A: Yes. Under the ADA, an employer may require that an employee disclose health information bearing upon whether the employee poses a direct threat to the health or safety of himself or others. Because an employee with swine flu in the workplace would expose others to contagion and may aggravate the employee’s own illness, the employer can require disclosure. However, the employer must treat the positive test result as confidential.
There is one subtle distinction here: While the ADA applies when an employer requires that an employee be tested for swine flu, the ADA does not apply when the employer states that employees who have voluntarily had themselves tested for swine flu must share the results of the test for swine flu. The distinction is important because an employer that mishandles information protected by the ADA could be subject to a claim for violation of that statute which includes a fee-shifting position, whereas an employer who mishandles information not subject to the ADA might be subject only to a common law claim, which does not include fee-shifting.
Q: Can an employer require that an employee disclose whether he or she has been exposed to others who have tested positive for swine flu?
A: Yes. This inquiry does not require the employee to disclose any medical information about the employee.
Q: What can an employer tell co-workers about an employee who has been sent for testing, or who has tested positive, for swine flu?
A: The ADA requires that employers maintain the confidentiality of health information received from an employee in response to an employer-mandated disclosure. Consequently, an employer can not disclose to co-workers the identity of employees who have revealed symptoms of, or who have received a positive test result for, swine flu.
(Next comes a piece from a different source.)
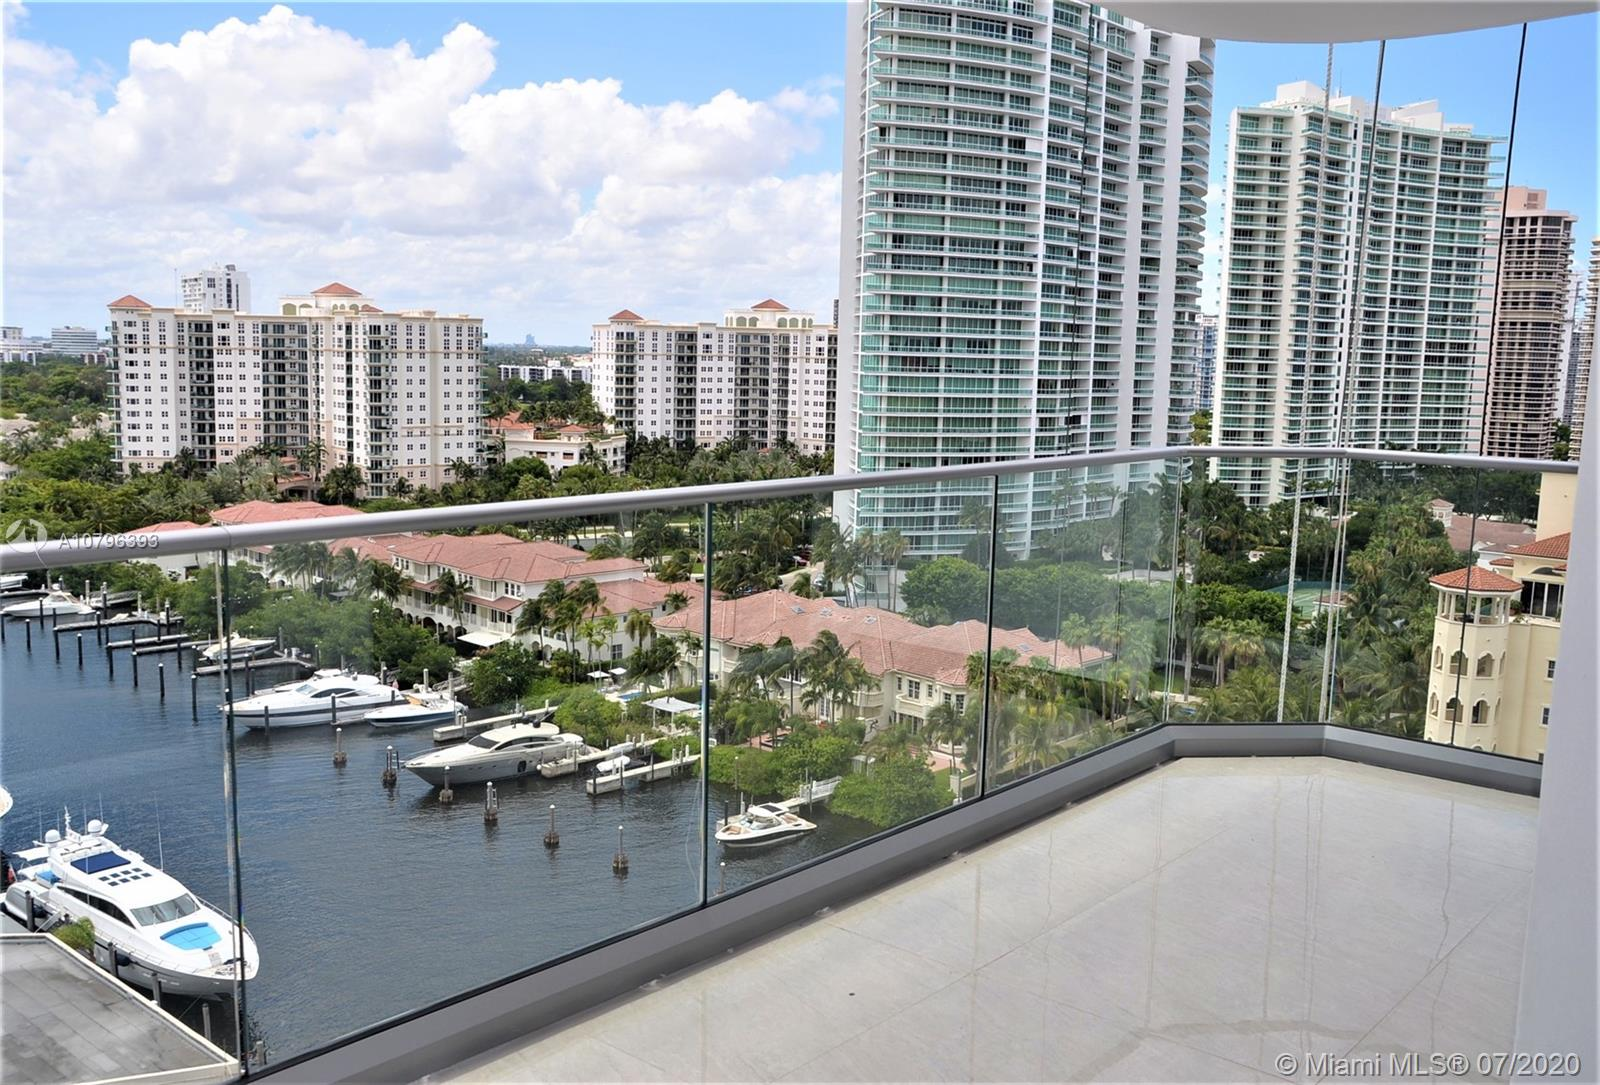 19707 NE Turnberry Way #16L, Aventura, FL 33180 - Aventura, FL real estate listing

An employer can tell co-workers who were exposed to the infected employee, without disclosing the infected employee’s identity, that these employees may have been exposed to swine flu and should monitor themselves for symptoms of swine flu.
As noted above, the ADA does not apply to a policy requiring that employees who have voluntarily undergone testing for swine flu disclose a positive test result. Nonetheless, as a practical matter, employers should treat as confidential the information received from employees pursuant to such a policy to encourage self-reporting.
Q: What can an employer tell managers or supervisors about an employee who has been sent home or has not been permitted to return to work because the employee is infected with swine flu or is demonstrating symptoms of swine flu?
A: The ADA generally prohibits an employer from disclosing an employee’s health condition to managers or supervisors. An employer can, however, tell a manager that the employee has been placed on leave for non-disciplinary reasons and for an indefinite period of time. The employer also can state that it will work with the manager to get the employee’s work covered and will inform the manager when the employee’s return date is known.
Q: What should an employer do when a manager or co-workers figure out that a specific employee has tested positive for swine flu even though the employer does not identify the employee — for example, because of the small size of the workforce?
A: An employer can not stop a manager or co-worker from speculating about why an employee has taken or been placed on leave. All an employer can do is take reasonable steps to protect the confidentiality of the positive test result by not identifying the employee by name and by avoiding, to the extent reasonably feasible, making other references that would permit a manager or co-workers to guess that an employee has been infected.